I've been working on implementing an LLVM backend for Fantom for some time now. I have not been able to spend as much time as I'd like on this project, so it's still in a really early stage and cannot run any sample code yet. I'm currently still focusing on implementing the essential classes of the sys pod in C, so it can be called by the generated LLVM bytecode.

After having a working LLVM backend that could JIT and compile Fan code to native apps, I'd like to do the same for the ActionScript3 virtual-machine, so Fan could be used to build .swf files.

With those two backends, the next nice thing to have would be a common graphics/audio/UI API so we could use Fan to create applications/games that would literally run everywhere: iPhone, desktop and console applications would be possible via the LLVM backend, Android applications would run on the Dalvik VM via the Java backend, Web applications could use either the Flash backend or the Javascript/HTML5 backend. The dotnet target could eventually also be used to produce Silverlight and Windows Phone 7 applications.

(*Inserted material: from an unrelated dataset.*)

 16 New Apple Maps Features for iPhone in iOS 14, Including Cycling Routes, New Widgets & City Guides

With all of these, Fantom would definitely be the ultimate language to create graphical multi-platform applications! :)

katox Tue 30 Mar 2010

Very interesting discussion! Just a few remarks

Android

@tactics Android JIT is on its way. But this would only help Fantom. The simplistic solution you outlined actually doesn't seem that bad. Droids have recently caught up with iphones in sales so this is probably the best open market. I think availability of Fantom on Android devices might force me to buy one ;). But if I'd have to use some sort of "foreign" APIs it would be a bit lackluster.

LLVM

+1 on this one. I have to do lots of (server side) scripting and Fantom is a good tool for that - only that JVM startup is killing it.

RDBMS

Unlike some people here I don't think ORM is low hanging fruit. I also don't think than many people miss Haven that much. A simple API aka JDBCTemplate would do the job as well. Having dynamic types would help here but then again it is a general language feature.

NoSQL

Or should I say cloud? I think this is a big one. There is already some native support, at least @liamstask's MongoDb driver.

Web

There are tons of web frameworks and development complexity is hideous. I don't think Fantom really needs something like Rails or Lift - it wouldn't catch up. Better to focus on JS->DOM approach - a Sidewalk like example would definitely help Fantom's popularity gain. I've met people on IRC who tried this path but they eventually gave up.

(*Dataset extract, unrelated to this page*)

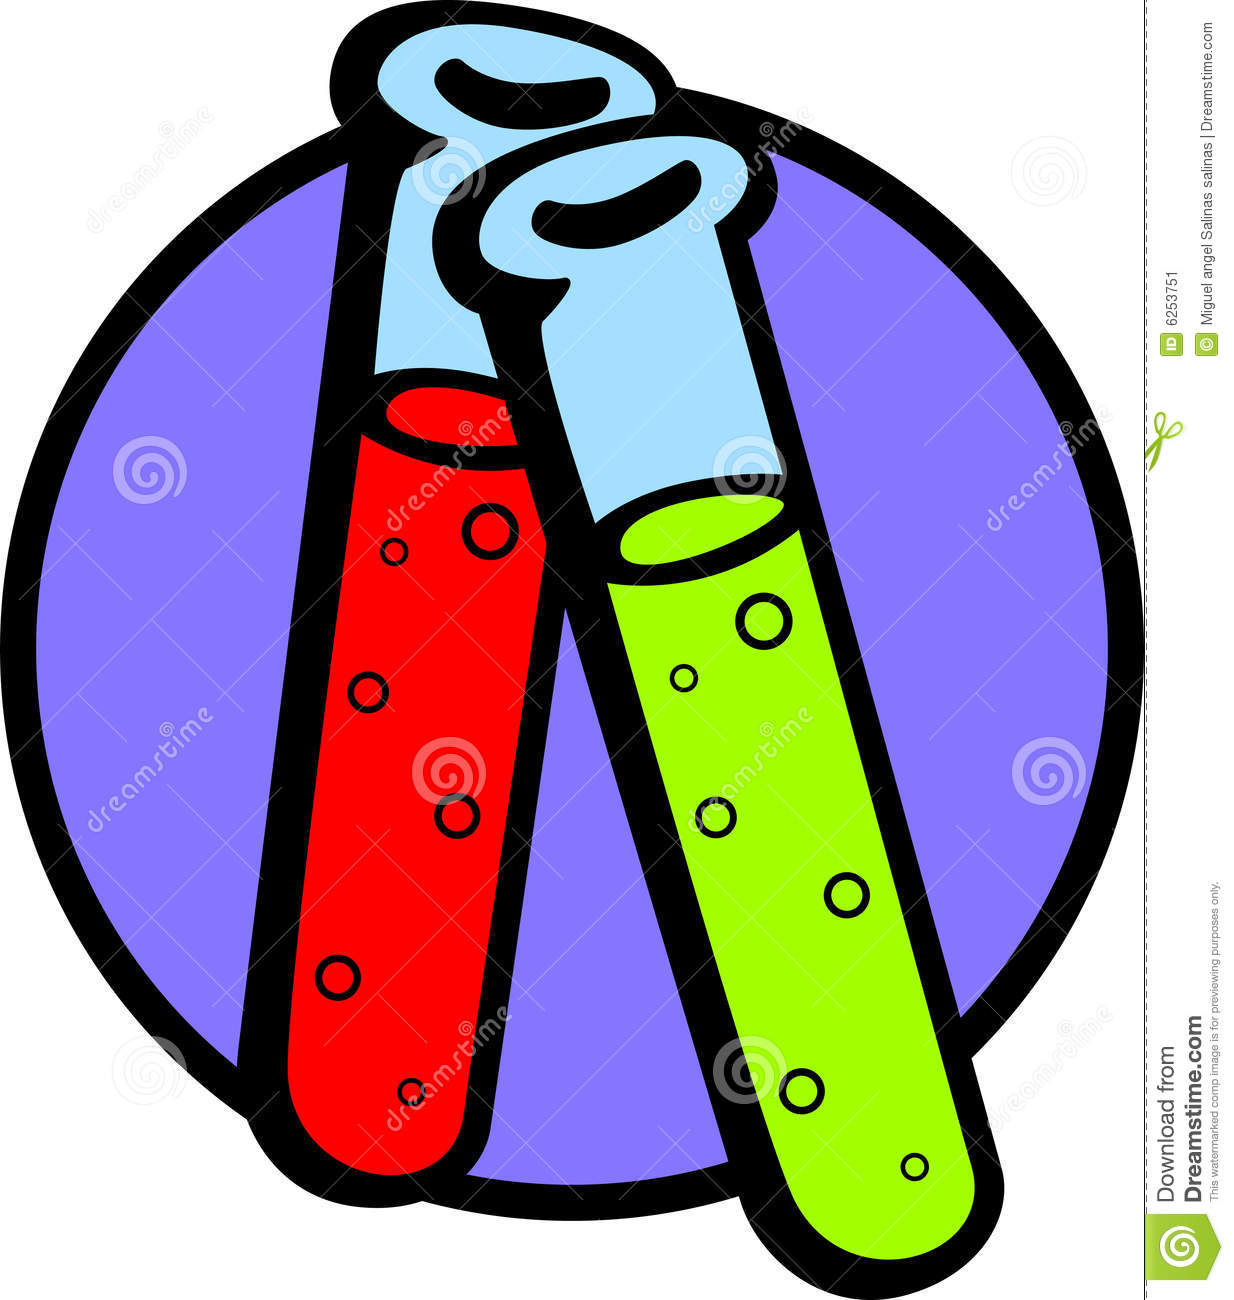 chemicals clipart chemistry

It is pretty hard to try to learn Fantom and js+dom+rest+(a bit of)web approach at the same time.

Maven/APT

Integrated build system is great but there is no popular 1.0 without a cloud repository. Most pieces are already in place but there is a lot of work to be done. Besides there is a lot to be decided on the overall design, I fear. Loads of failed or abandoned projects to be (waving to maven) prove this rather well.

Fantom -> Java

I tend to overlook this one but it seems it is pretty important for people to be able to sneak Fantom snippets into Java codebases ;).

Releated Work

Fantom site should maintain a list of sub-projects, related and ongoing works, discussions and IRC rather visibly. While forum is great developers need to know more. I know I'm repeating myself on this one but I still think it is quite important.

katox Fri 30 Apr 2010

As nice writeup of ruby on android. A lot of those things indirectly apply to Fantom too.

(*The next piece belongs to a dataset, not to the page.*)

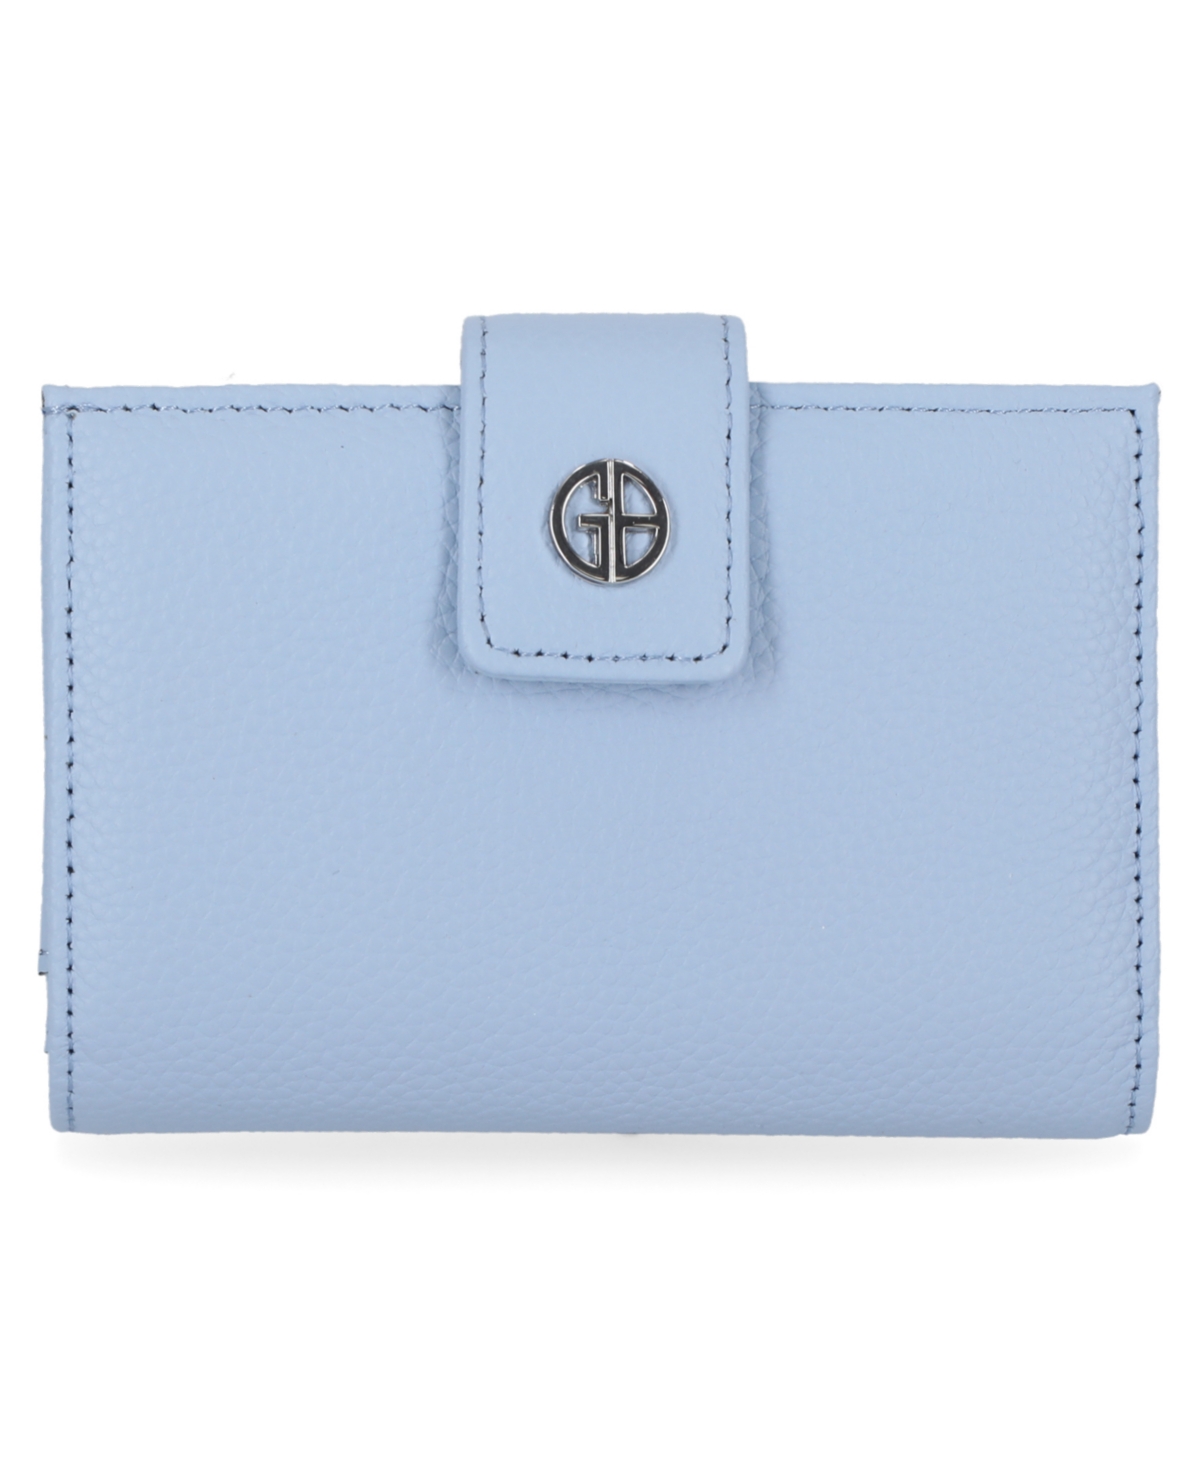 Framed Indexer Leather Wallet, Created for Macy's - Chambray

"The other complication is that jrubyc normally outputs a .class file of the same name as the .rb file, to ease lookup of that .class file at runtime. So the main .class for the above script would be called "foo.class". The problem with this is that foo.rb may not always be loaded as foo.rb. A user might load ../yum/../foo.rb or some other peculiar path. As a result, the base name of the file is not enough to determine what class name to load. To solve this, I've introduced an alternate naming scheme that uses the SHA1 hash of the actual content of the file as the class name."